Throughout my 11 year journey I have had treatment four times.
The first, surgery. It was a curative effort. Though successful, the MSKCC nomogram - https://www.mskcc.org/nomograms/prostate "said" I had a 30% chance of recurrence. Looking on the bright side, 70% chance of it not.
Next was SRT, we did the standard of care though I had advocated for more aggressive treatment, adding the PLNs and six months ADT.
When it failed, I was not surprised. It was a defining moment for me;
I realized I would never be cured
I would never again be the minority shareholder in making decision making.
I would be aggressive in my treatment decisions.
I would not regret my decisions but learn from them.
I changed my horizon for treatment outcomes from long term, say 10-15 years to 3-5 years, would this treatment work for that time, if so, new choices brought about by medical research would be in play.

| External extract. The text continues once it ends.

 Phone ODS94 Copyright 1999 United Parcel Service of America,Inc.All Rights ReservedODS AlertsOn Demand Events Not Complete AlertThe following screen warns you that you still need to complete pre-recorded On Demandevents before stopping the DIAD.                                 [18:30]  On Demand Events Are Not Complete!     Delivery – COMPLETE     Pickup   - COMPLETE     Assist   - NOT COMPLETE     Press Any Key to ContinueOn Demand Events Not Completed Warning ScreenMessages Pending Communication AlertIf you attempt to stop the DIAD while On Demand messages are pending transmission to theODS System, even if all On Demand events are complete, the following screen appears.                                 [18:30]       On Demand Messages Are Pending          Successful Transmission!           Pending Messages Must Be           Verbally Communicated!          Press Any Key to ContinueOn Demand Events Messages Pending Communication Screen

I developed decision criteria to constitute what clinical data would trigger the next treatment decision. For example, three or more consecutive PSA increases spaced three months apart. This prevents reaction to singular data events.
This has reduced the stress between treatments, I don't have to worry every lab test, every consult...

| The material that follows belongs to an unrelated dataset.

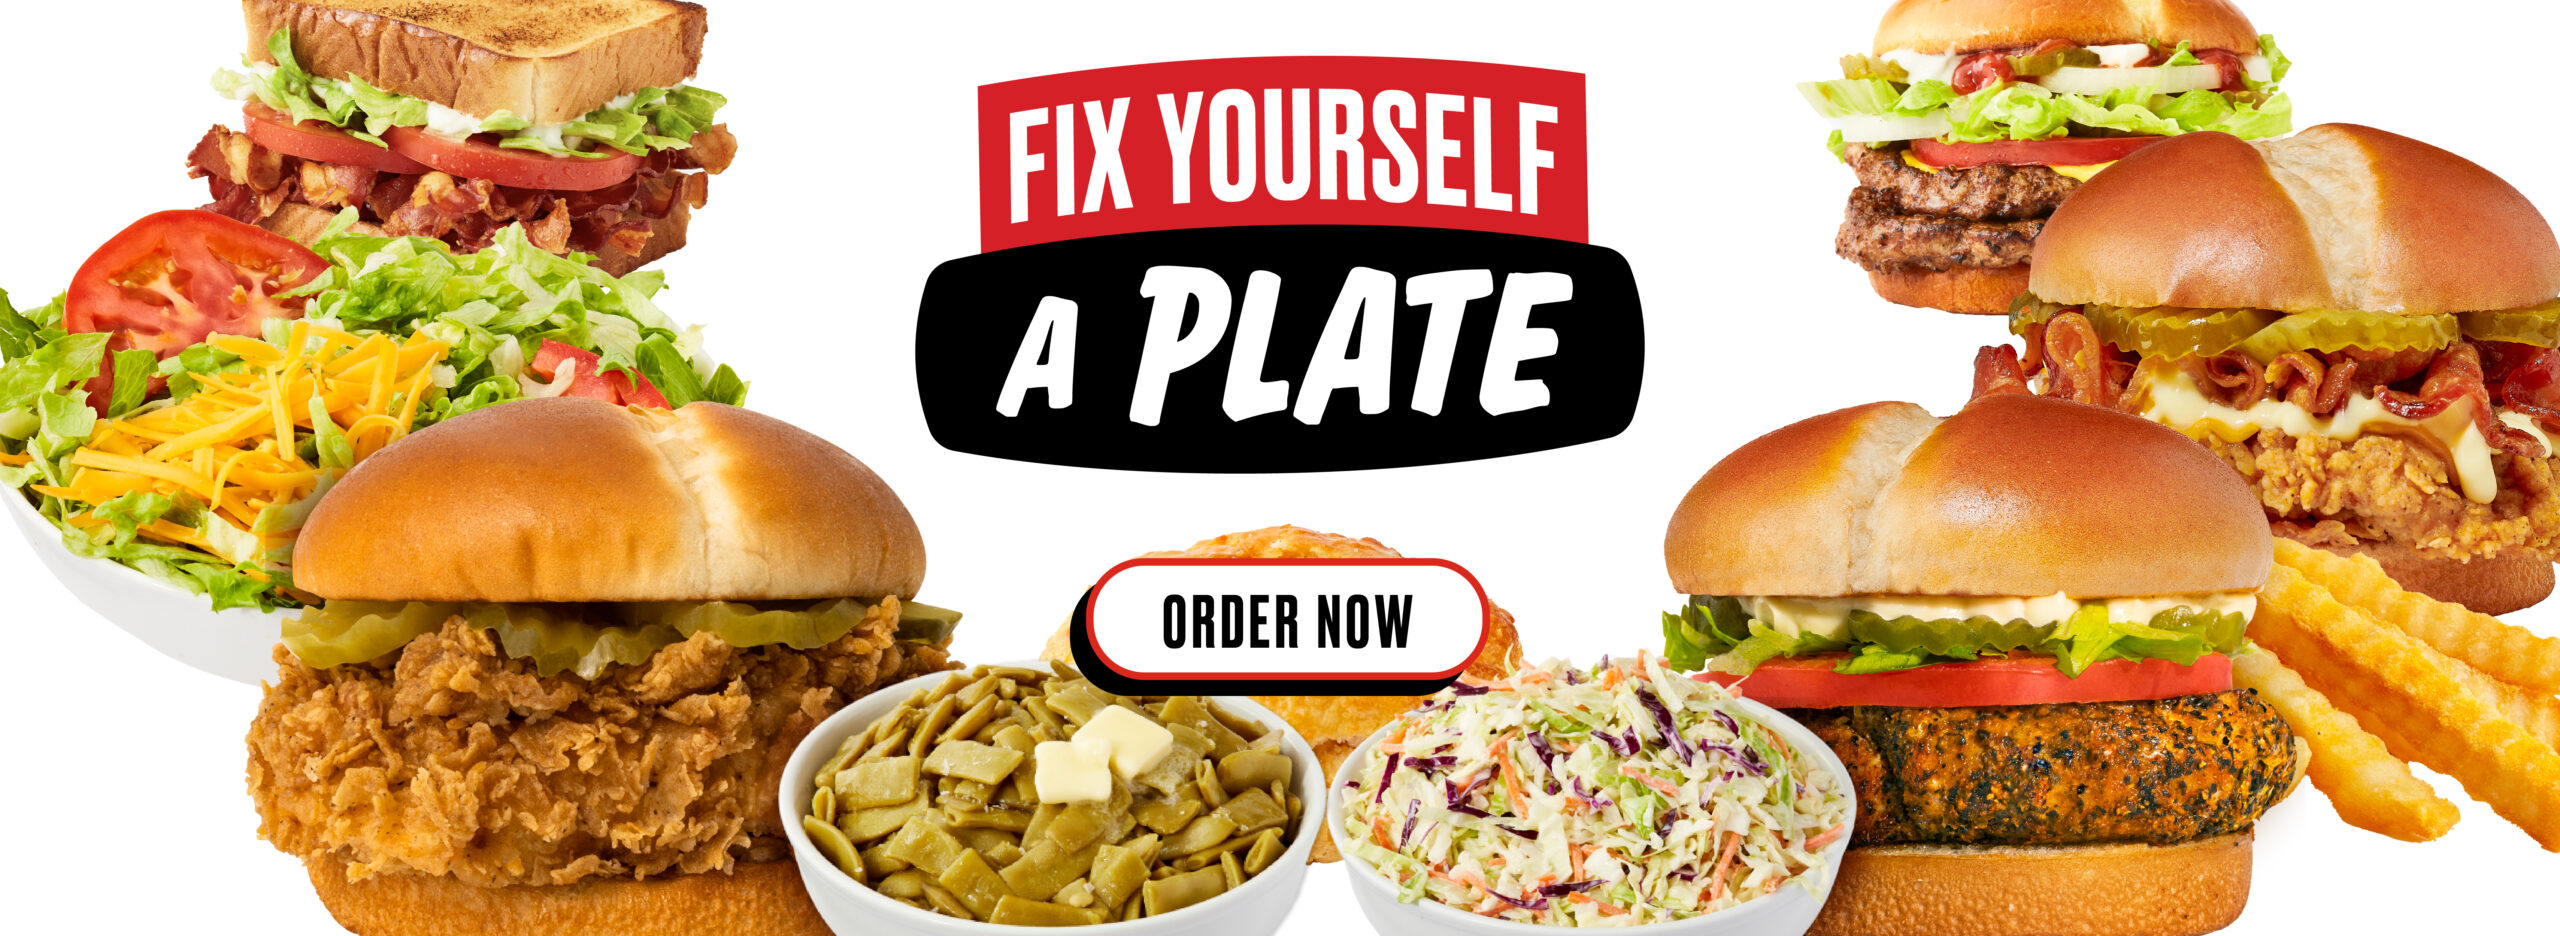 fix yourself a plate carousel

I know going into each treatment decision that initially we have a defined period and clearly defined clinical response data for coming off treatment.
Eleven years in , three on treatment, eight off.

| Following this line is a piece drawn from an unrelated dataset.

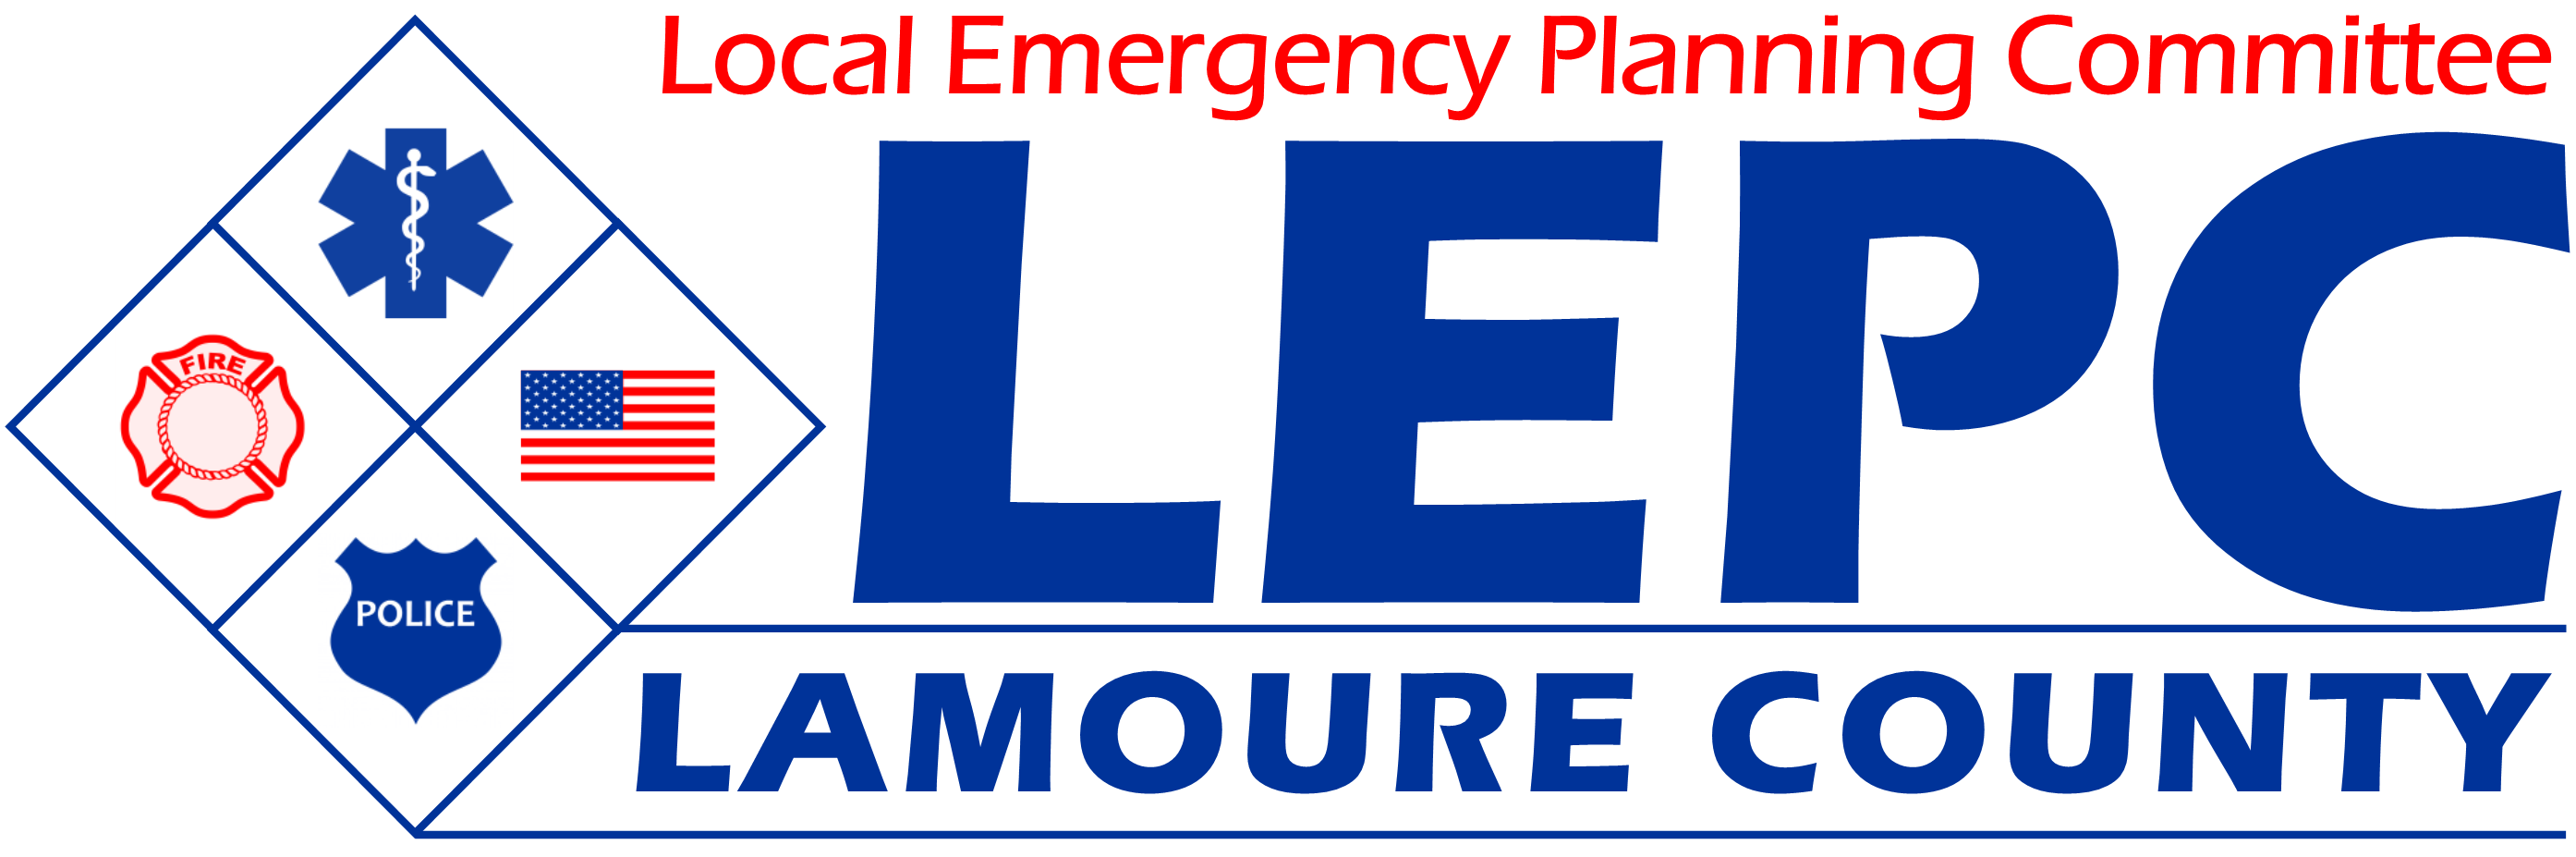 LaMoure County Emergency Planning Committee Logo

There is statistical data about the 5, 20 and 15 year survival rates which is "positive" news unless you are one of the ones who aren't, a friend of mine passed in less than a year from diagnosis.
While the data on survival may be "positive," the data on the side effects of treatment, well, we don't discuss that do we!?
It's ok to have a degree of anxiety, my labs are Wednesday. Do I have some anxiousness about the results, yes. That is mitigated by having criteria in place about clinical data sufficient to make a treatment decision, yes.
Last thoughts, statistics are population based and historical. This is a heterogeneous disease, not homogeneous so these statistics may not apply to you!
Kevin
I had my Gleason 8 prostate out 2 years ago as of Jan. 31st (was downgraded to 7 after pathology). Non nerve sparing and lymph nodes clear. PSMA also showed no spread.
2 1/2 months later, I had my right lower lung lobe removed. Clear lymph nodes.
Every 6 months, PSA test and chest CT scan. Let's talk about anxiety!
Kevin how did your labs come out ?
Great, PSA .03 which is no change from the October and early December ones.
I meet with my oncologist on Monday, we'll probably talk about our vacations, wife and I are going to Sedona 5-12 April then Lake Tahoe 17-24 May with our daughters and one of their boyfriends.
He'll probably ask me if I want to push out the labs and consults to four months vice three.
I may, or jus stay the course.
Kevin what treatment did you do after radiation & hormone therapy ?
I've had four go rounds on treatment:
TRUS Biopsy 23 January 2014
Da Vinci Robotic Surgery 10 March 2014
Salvage Radiation Therapy - March-May 2016 39 IMRT 70.2Gya
Triplet Therapy:
Taxotere - Jan-May 2017 6 cycles
Lupron Jan 17-May 18 6x90 day injections
PLN IMRT Jul-Aug 17 25 IMRT 45 Gya
Doublet Therapy:
'SBRT Apr23 5X 8 Gya = 40 Gya
Orgovyx April 2023-April 2024
I came off treatment in April 2024.
Labs since have been "clean."
Kevin
Hang in there . Keep busy ! You can beet this . Anxiety is normal to a degree . Do you have friends or a prostate group you can talk with . Talking about how you feel is VERY important ! GP receptive to counsel sessions or ? God Bless Sir. . James on Vancouver Island , Canada !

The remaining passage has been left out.